Paracanthopoma parva
- Conservation status: Least Concern (IUCN 3.1)

Scientific classification
- Kingdom: Animalia
- Phylum: Chordata
- Class: Actinopterygii
- Order: Siluriformes
- Family: Trichomycteridae
- Subfamily: Vandelliinae
- Genus: Paracanthopoma
- Species: P. parva
- Binomial name: Paracanthopoma parva Giltay, 1935

= Paracanthopoma parva =

- Authority: Giltay, 1935
- Conservation status: LC

Species of fish

Paracanthopoma parva is a species of freshwater ray-finned fishes belonging to the family Trichomycteridae, the pencil and parasitic catfishes, and the subfamily Vandelliinae, the haematophagic catfishes. P. parva grows to about 2.7 cm SL and is endemic to Brazil where it occurs in the Amazon and Essequibo River basins.

Paracanthopoma parva has been found on the gills of another species of giant catfish, Brachyplatystoma vaillantii. Species within the genus Paracanthopoma have the longest and most robust snout, and the longest and strongest dentary teeth among blood-feeding candirus, which fit their drilling needs.

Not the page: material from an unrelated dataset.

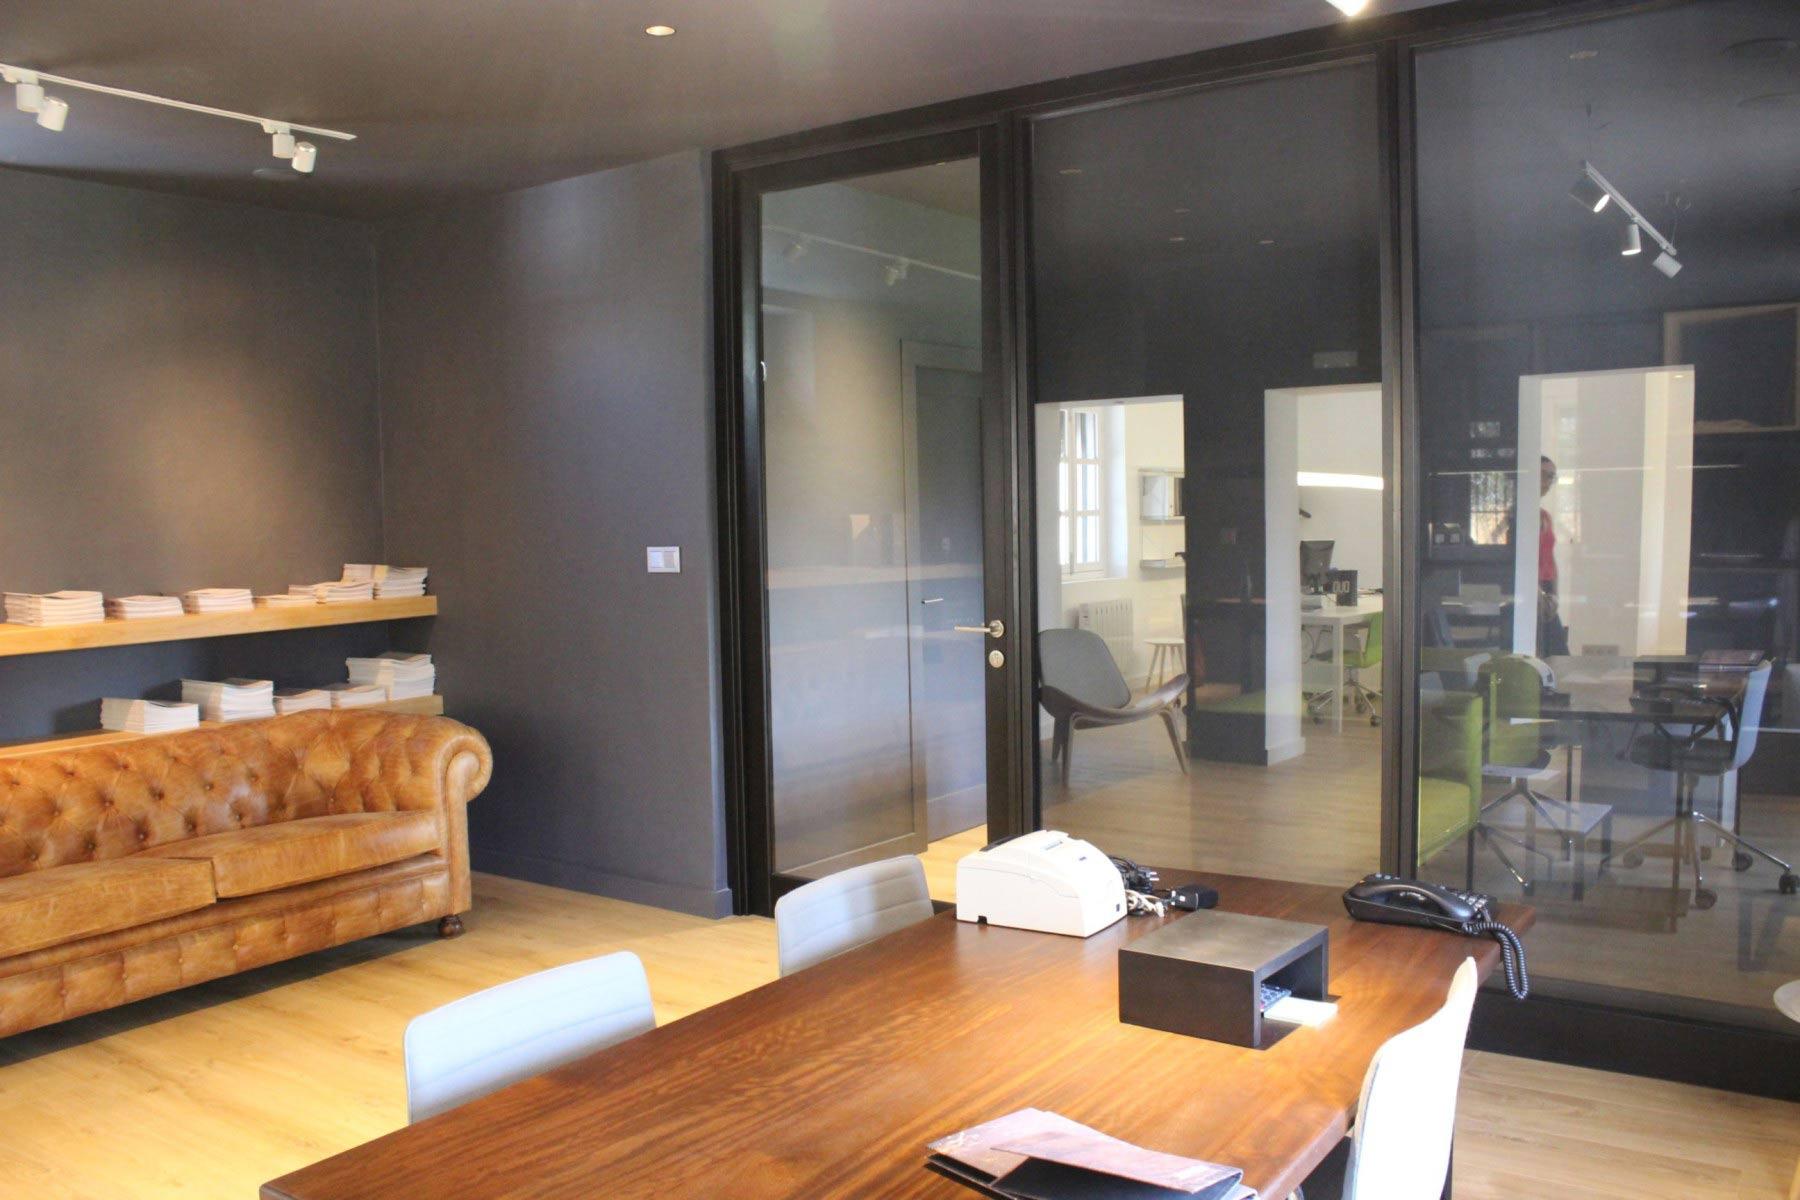 Oficina moderna con puertas correderas

Riding on a giant host is advantageous for dispersal, no need to search for hosts to feed, and protection from predators. It is unlikely that Paracanthopoma takes blood from the tiny holes it drills in the skin; the areas these fish attach to have no large blood vessels to supply them with blood, and fish that have been riding are found only with trace amounts of blood in their digestive tracts. Also, most vandelliine candirus take blood from the gill region of their hosts.

An undescribed species of Paracanthopoma has been found to ride Zungaro zungaro catfish; their snouts were buried up to the eyes in the tough skin on the host's caudal and pectoral fins, as well as the base of the dorsal fin.